In the category of lies, damned lies, and statistics, one must watch out for the math as it pertains to the cohort served by Medicare versus those served by private health insurance companies. The cost of caring for people 65 and older, Medicare’s cohort, averaged $6,600 per person in 2003. The average for privately-insured individuals that year was $2,700. Simple math tells you that the 2% administrative cost figure is lower partly as a result of the higher per capita cost to provide health care to senior citizens.
There are other items not counted in the 2% figure for Medicare’s admin costs, such as the cost of the IRS acting as Medicare’s collection agency and the cost of working capital (cash used to fund operations), which is borne by the U.S. Treasury. The Council for Affordable
Health Insurance has an interesting white paper called “Medicare’s Hidden Administrative Costs: A Comparison of Medicare and the Private Sector.”

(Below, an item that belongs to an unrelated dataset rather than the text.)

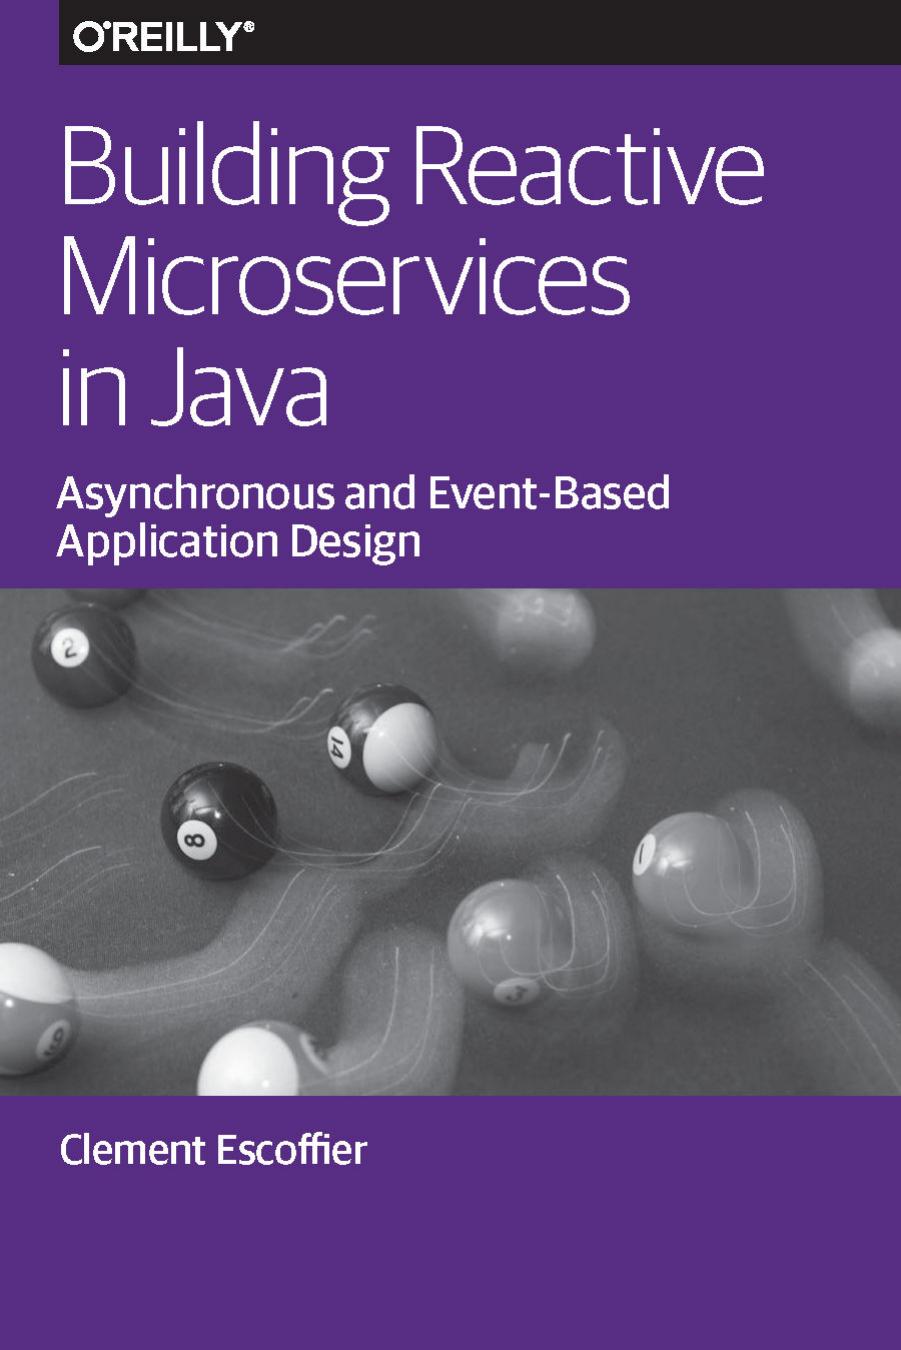 Building Reactive Microservices in Java: Asynchronous and Event-Based Application Design

The biggest issue ignored by a simple slogan like “Medicare for All” is that Medicare pays health care providers significantly reduced rates for doctor visits, diagnostic tests, treatments, hospital stays, and therapy. These health care providers balance their books on the backs of privately-insured patients. No hospital can survive solely on the payments received by Medicare, which are less than the cost of providing the services.
I touch on these issues to illustrate the complexities in the arena of health care finance that are often overlooked by advocacy groups that cannot be overlooked by responsible legislators when crafting solutions to the problem of high costs.
So what is being proposed by the governor and our
Beacon legislative leadership? A concept called the Global Payments System. Seems like a plan that might help us find our way to a solution to high health care costs. (At least the initials, GPS, would imply that.) Hill
The idea is for providers to form coalitions that offer health care, starting with a primary care physician (PCP) and including all facets of health care providers, from diagnostic centers to specialists to hospitals to therapeutic and chronic care practices. The popular term for these health care provider groups is Accountable Care Organization, or ACO. That has replaced MCO, Managed Care Organization, and its subset,
HMO, Health Maintenance Organization.
These ACOs would then be paid a fixed amount of money by health insurance companies to care for their enrollees. A qualitative calculation would be made to offer bonuses to those ACOs whose populations are healthier than some standard that will be established by a government agency.
Being a fan of Back To The Future and the many quips attributed to Yogi Berra (“it’s déjà vu all over again” being one of them), I was moved to dust off my
HMO financing book, circa 1973.
At that time, this concept was called capitation.
HMOs were paid a fee per enrollee and encouraged to keep everyone healthy, because if they weren’t kept healthy, the cost of treating sick people would come out of the profits of the health care provider, not the insurance company. In effect, the risk was shifted from insurance companies to doctors and hospitals. Each doctor became a miniature insurance company, having to weigh the cost saved by not ordering a diagnostic test against the possibility that the patient might have a more serious condition that would cost the HMO even more money down the road.
After years of frustrated patients trying to get primary care physicians to make referrals to specialists, PPOs (Preferred Provider Organizations) were born because people were willing to pay more to have a choice of doctors rather than dealing with the gate keeping PCP.